Using the UIA tree as the currency for LLMs to reason over always made more sense to me than computer vision, screenshot based approaches. It’s true that not all software exposes itself correctly via UIA, but almost all the important stuff does. VS code is one notable exception (but you can turn on accessibility support in the settings)
I’ve been working hard on our new component implementation (Vue/TS) to include accessibility for components that aren’t just native reskins, like combo and list boxes, and keyboard interactivity is a real pain. One of my engineers had it half-working on her dropdown and threw in the towel for MVP because there’s a lot of little state edge cases to watch out for.
Thankfully the spec as provided by MDN for minimal functionality is well spelled out and our company values meeting accessibility requirements, so we will revisit and flesh out what we’re missing.
Also I wanna give props (ha) to the Storybook team for bringing accessibility testing into their ecosystem as it really does help to have something checking against our implementations.
Agreed. I've noticed ChatGPT when parsing screenshots writes out some Python code to parse it, and at least in the tests I've done (with things like, "what is the RGB value of the bullet points in the list" or similar) it ends up writing and rewriting the script five or so times and then gives up. I haven't tried others so I don't know if their approach is unique or not, but it definitely feels really fragile and slow to me
I noticed something similar. I asked it extract a guid from an image and it wrote a python script to run ocr against it...and got it wrong. Prompting a bit more seemed to finally trigger it to use it's native image analysis but I'm not sure what the trick was.

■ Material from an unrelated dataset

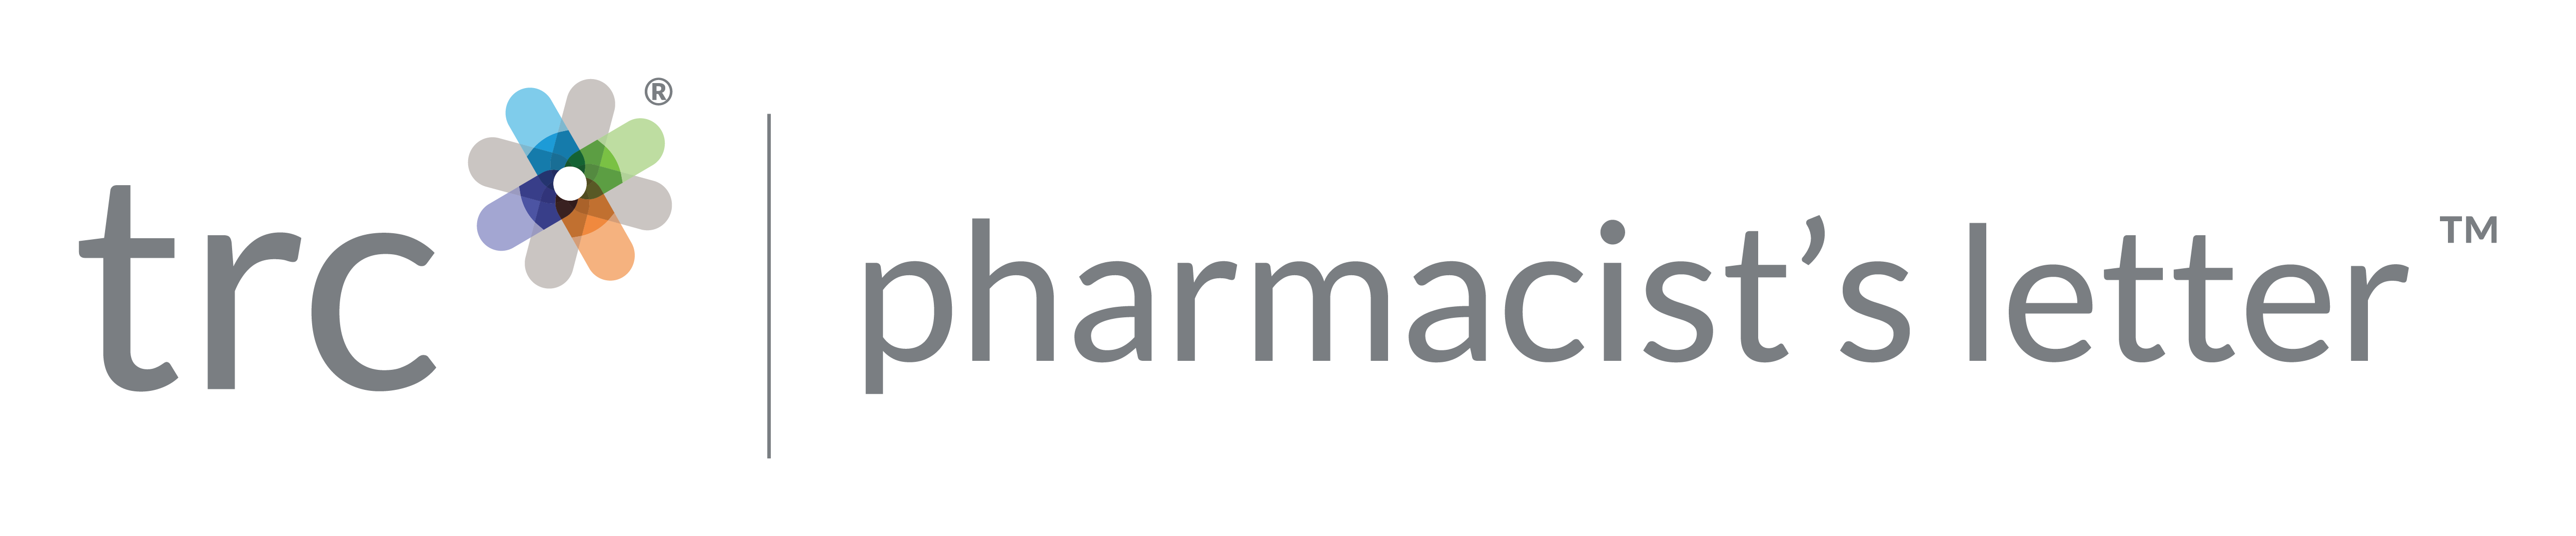 pharmacist-s-letter

I recently tried using Qwen VL or Moondream to see if off-the-shelf they would be able to accurately detect most of the interesting UI elements on the screen, either in the browser or your average desktop app.
It was a somewhat naive attempt, but it didn't look like they performed well without perhaps much additional work. I wonder if there are models that do much better, maybe whatever OpenAI uses internally for operator, but I'm not clear how bulletproof that one is either.
These models weren't trained specifically for UI object detection and grounding, so, it's plausible that if they were trained on just UI long enough, they would actually be quite good. Curious if others have insight into this.